[[ Extracted material, beginning ]]

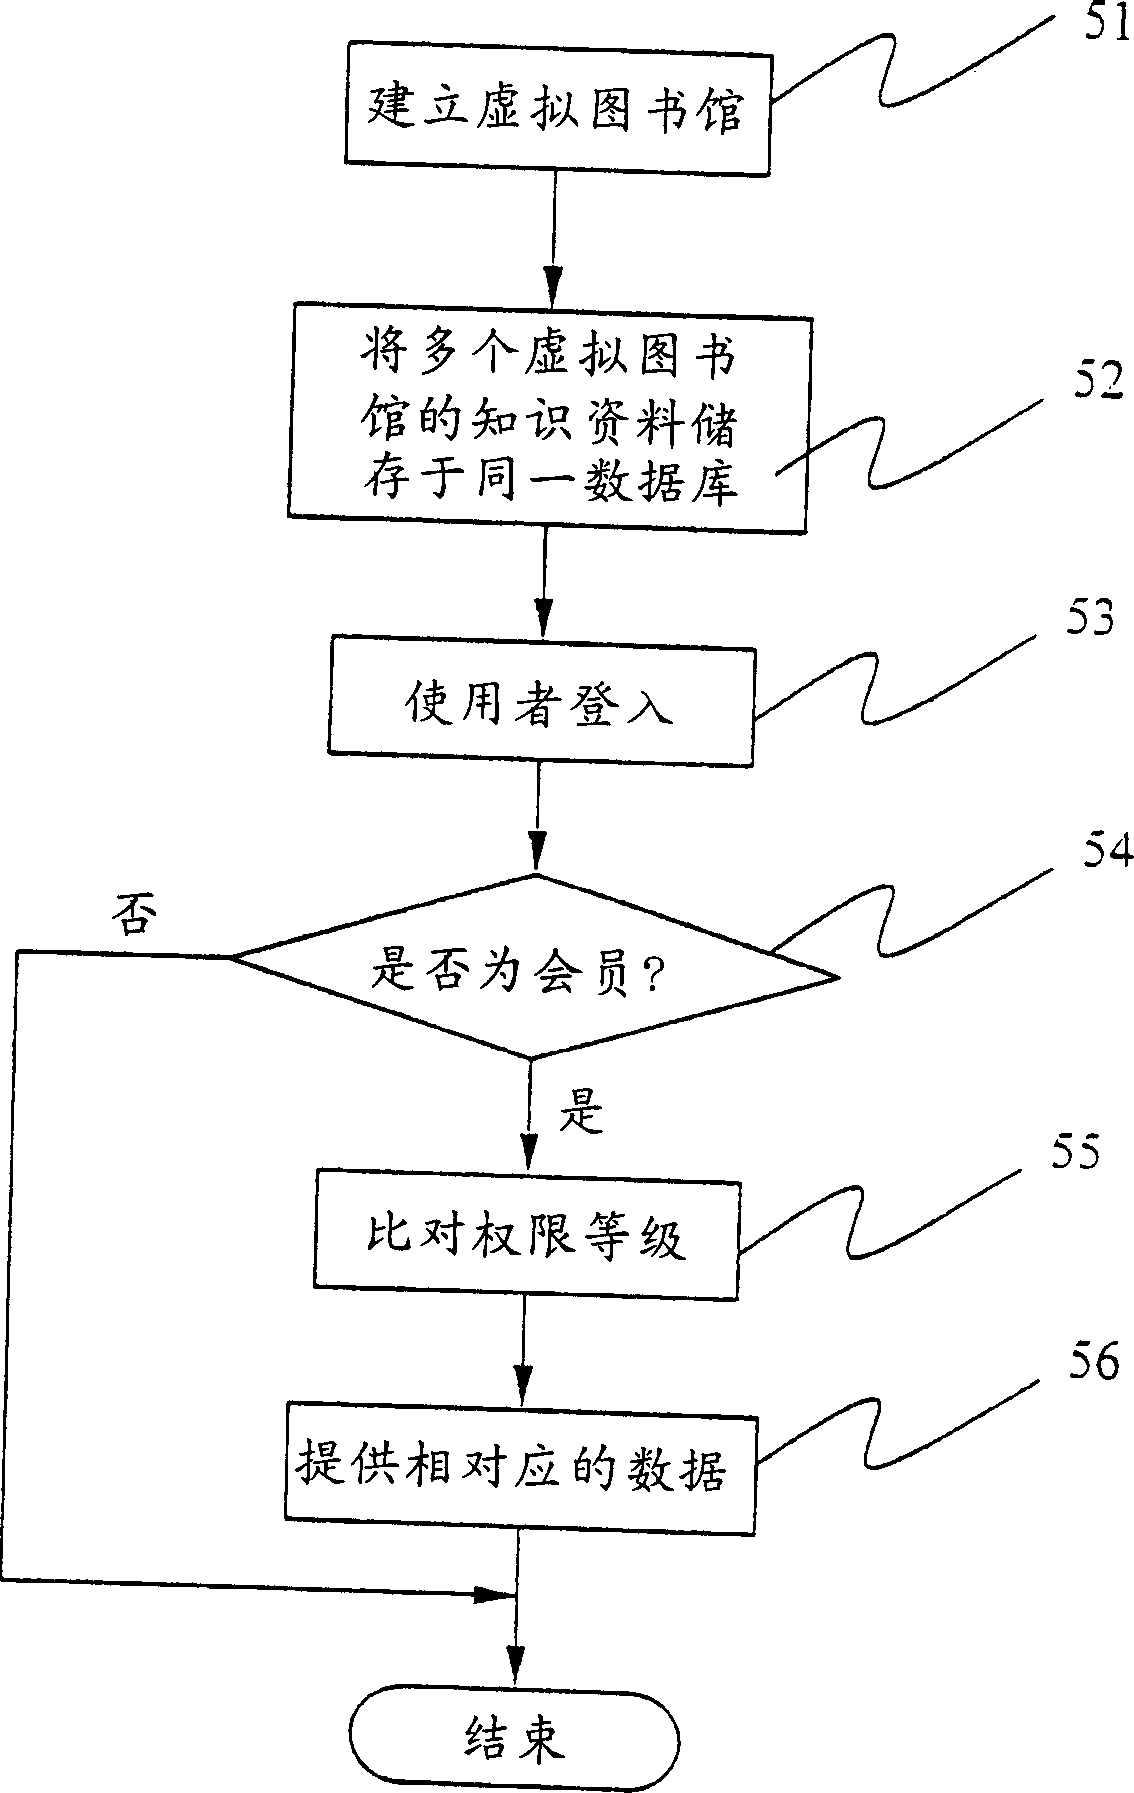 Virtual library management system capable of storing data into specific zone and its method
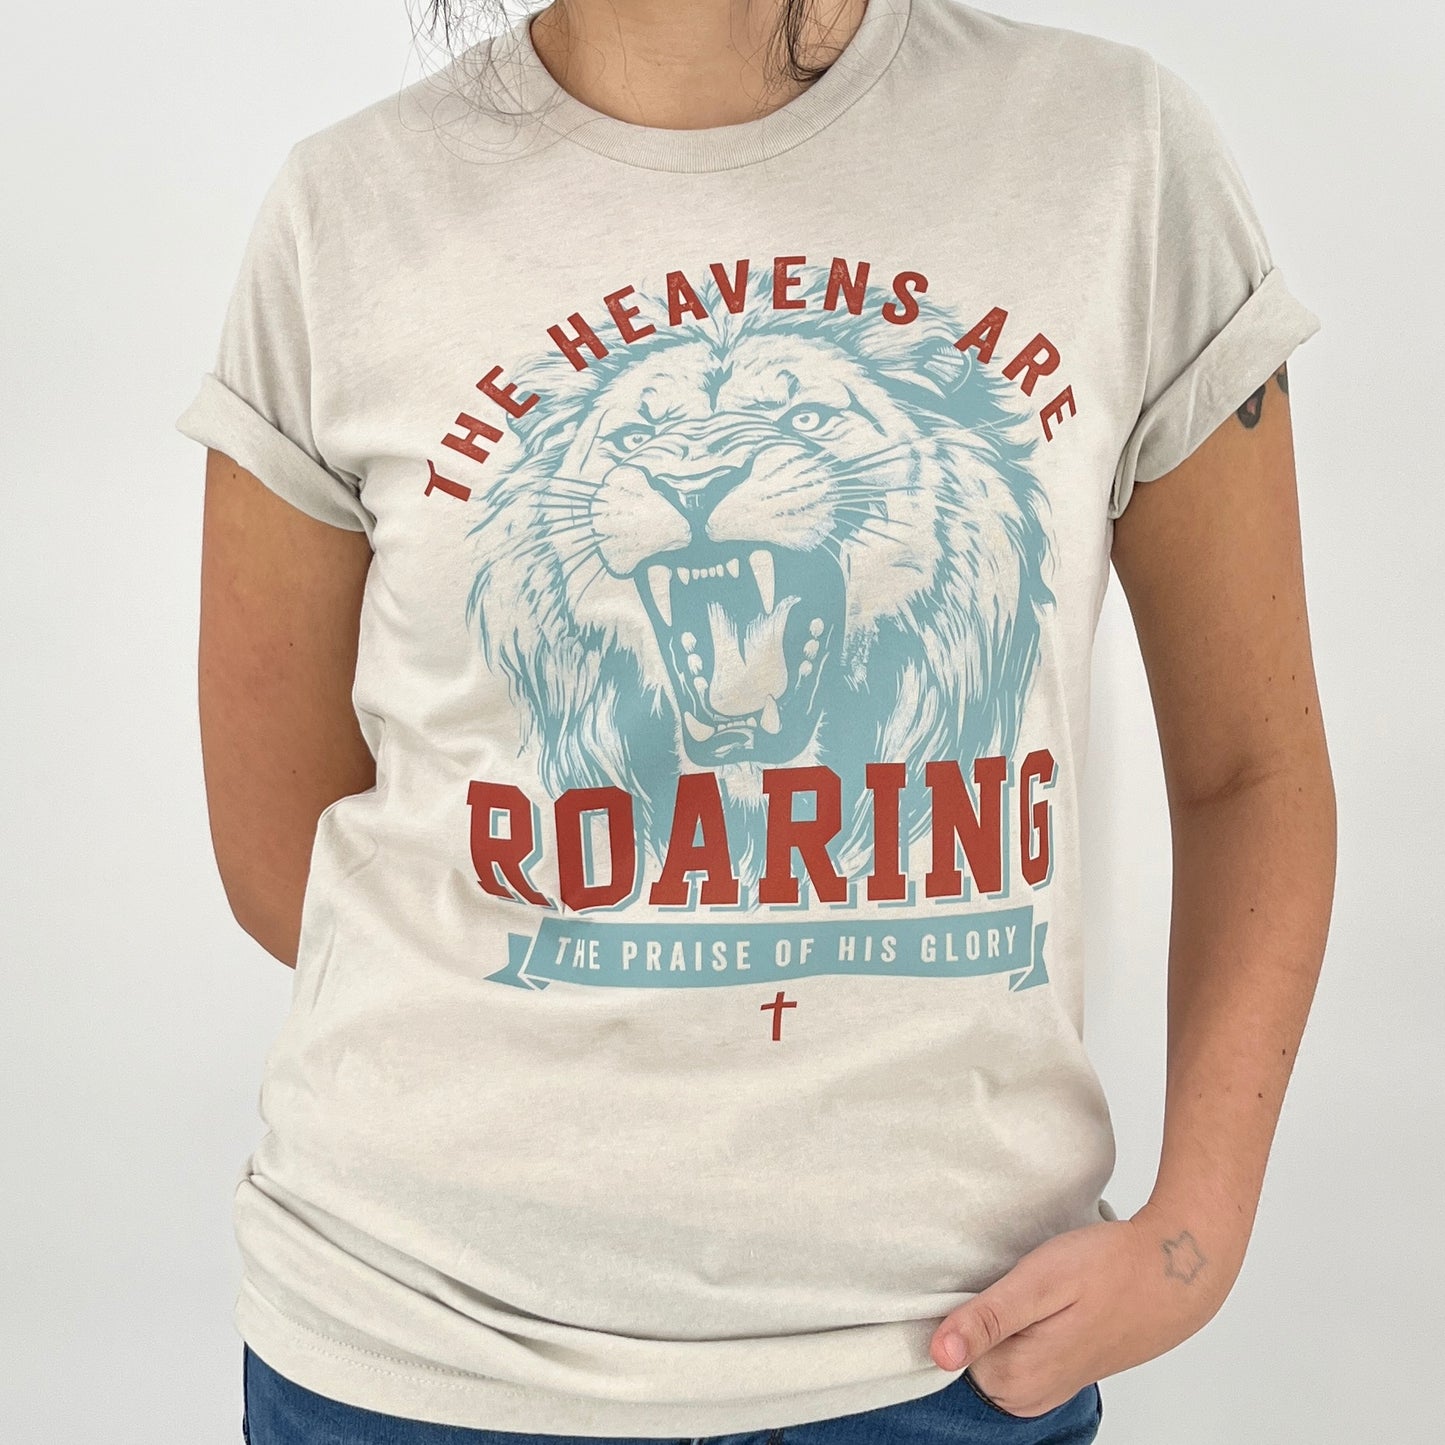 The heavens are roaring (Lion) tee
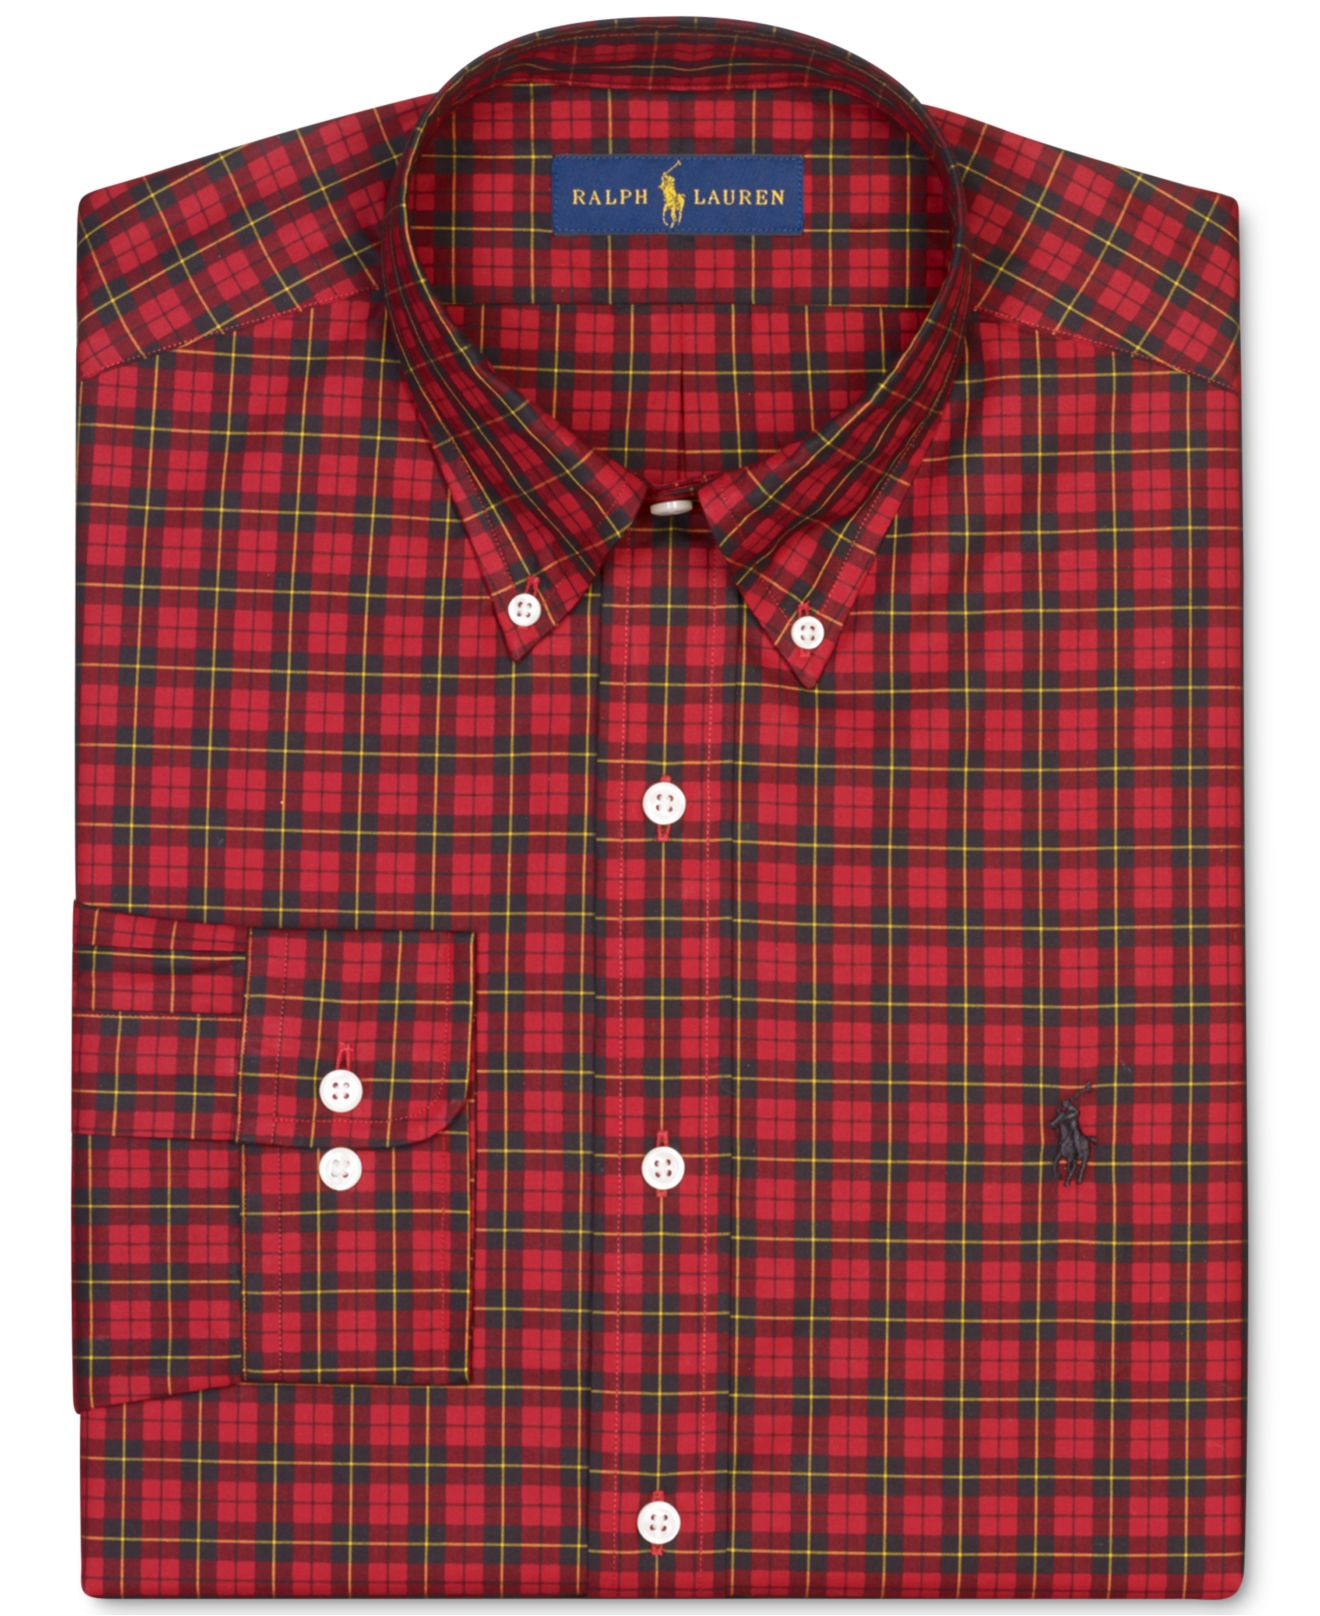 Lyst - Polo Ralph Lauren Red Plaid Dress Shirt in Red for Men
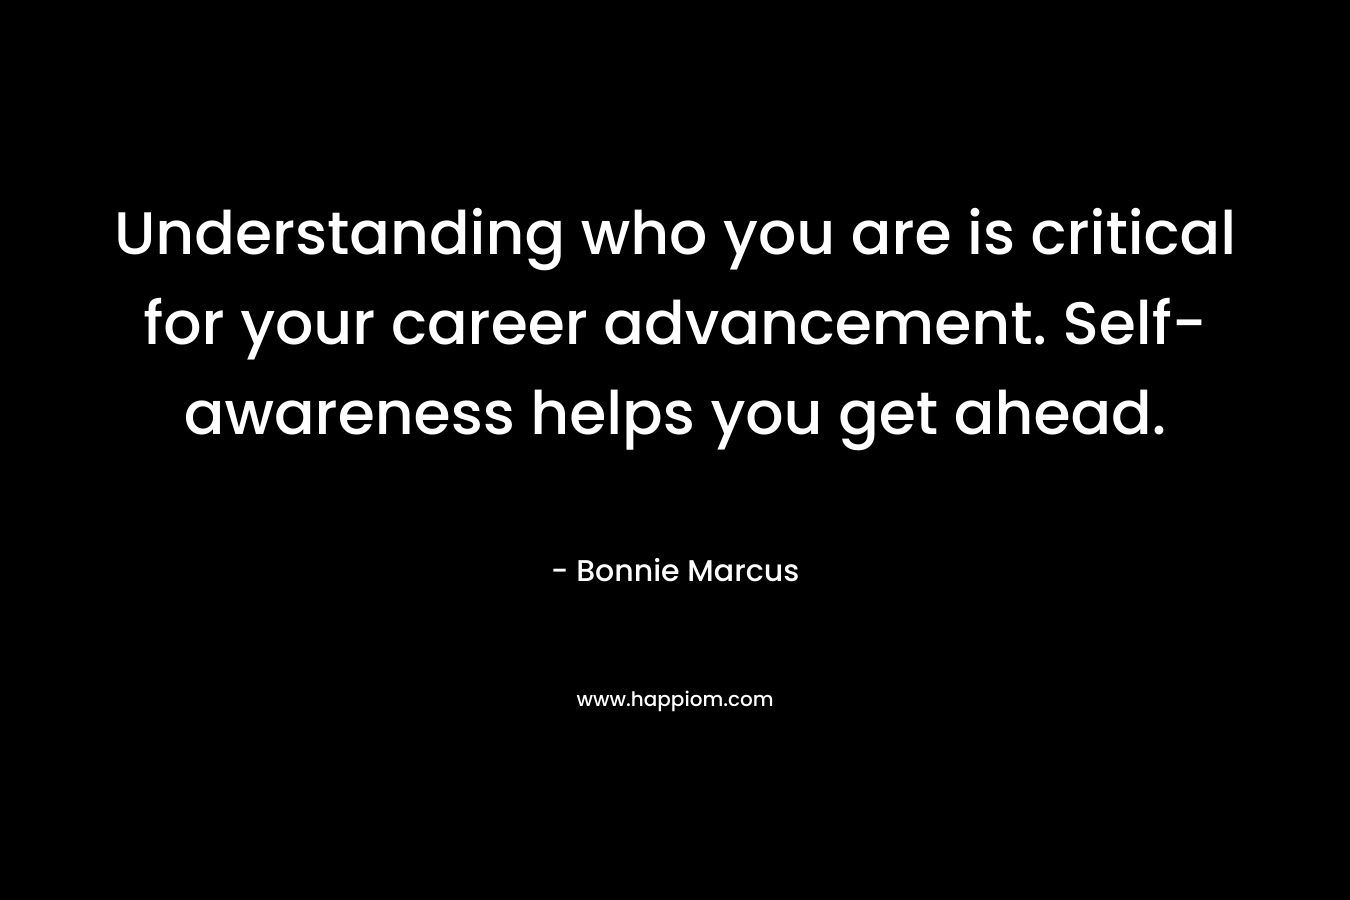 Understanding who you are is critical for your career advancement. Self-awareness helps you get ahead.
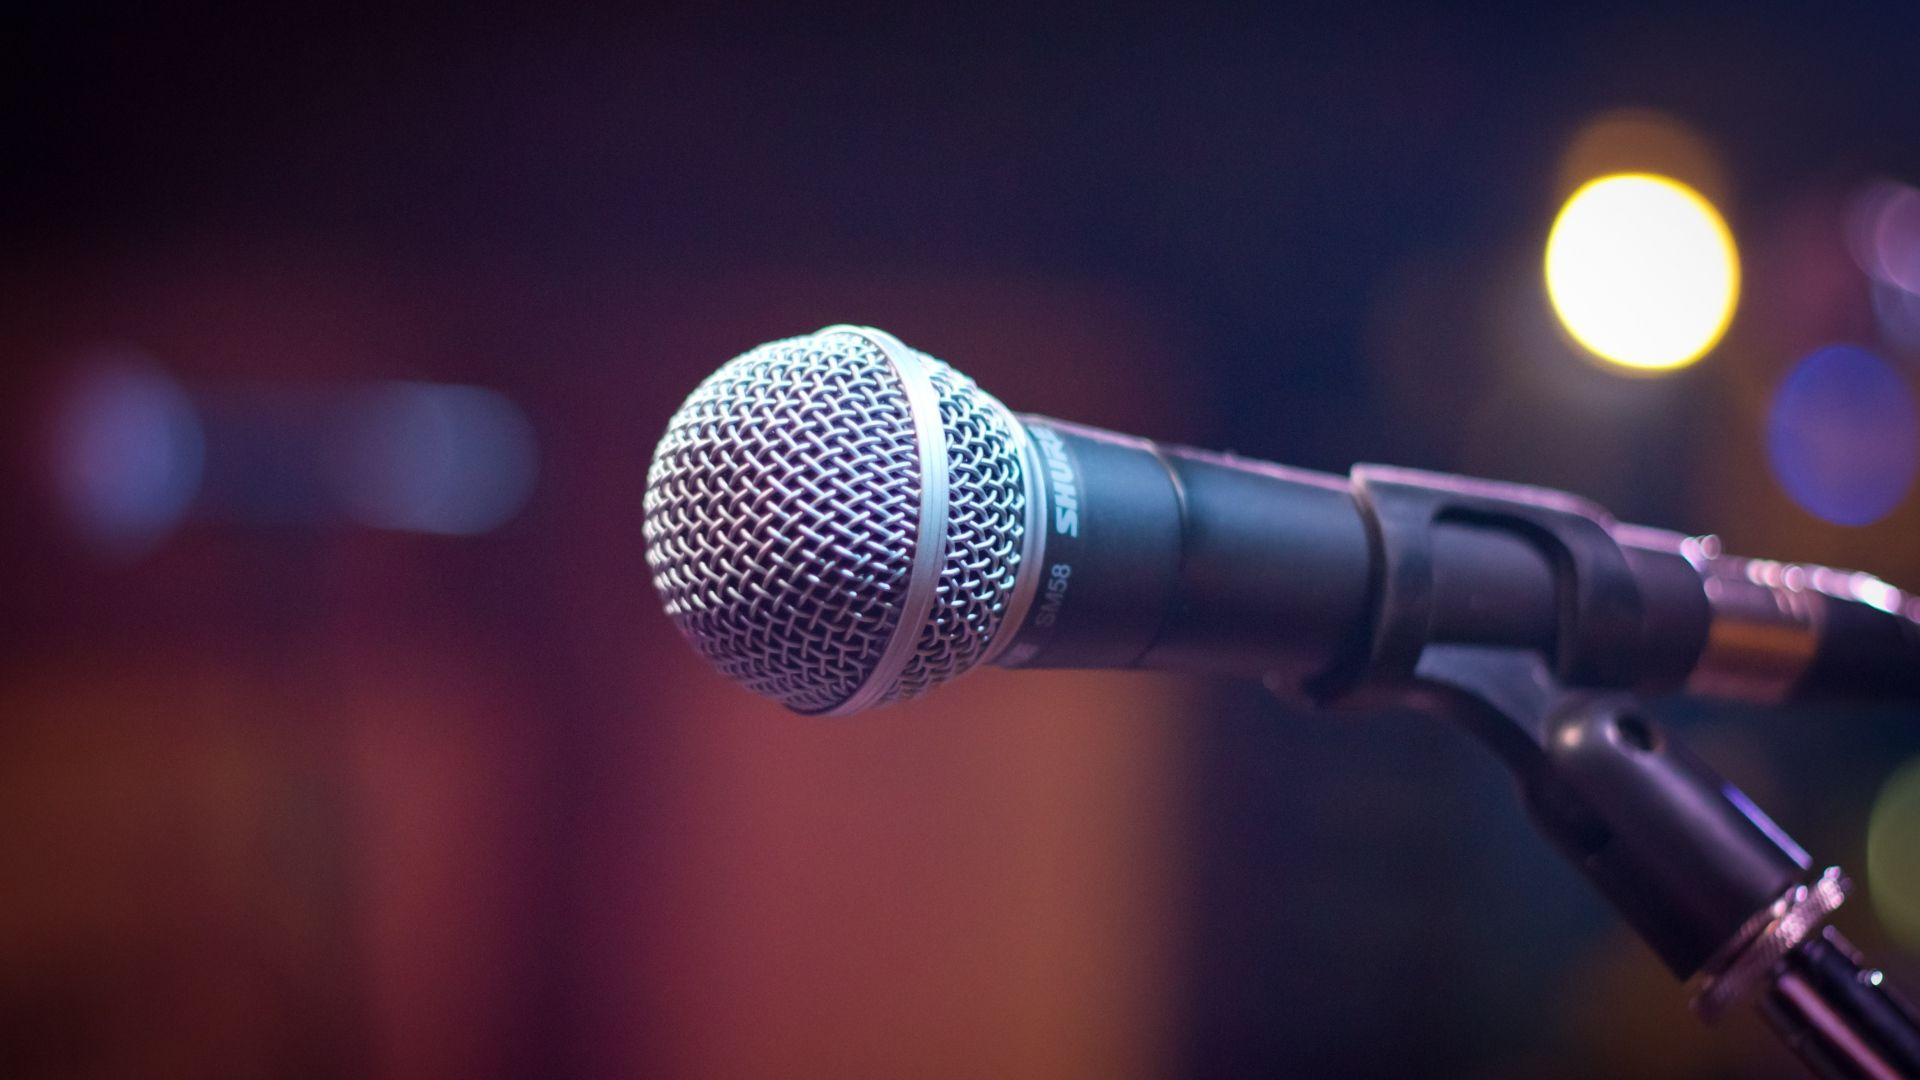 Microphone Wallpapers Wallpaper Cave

[[ Extracted material, end ]]

Your objective: The pictures are not wanted, but every line of the listing should be duplicated exactly.

Response:
 Virtual library management system capable of storing data into specific zone and its method
 The heavens are roaring (Lion) tee
 Lyst - Polo Ralph Lauren Red Plaid Dress Shirt in Red for Men
 Understanding who you are is critical for your career advancement. Self-awareness helps you get ahead.
 Microphone Wallpapers Wallpaper Cave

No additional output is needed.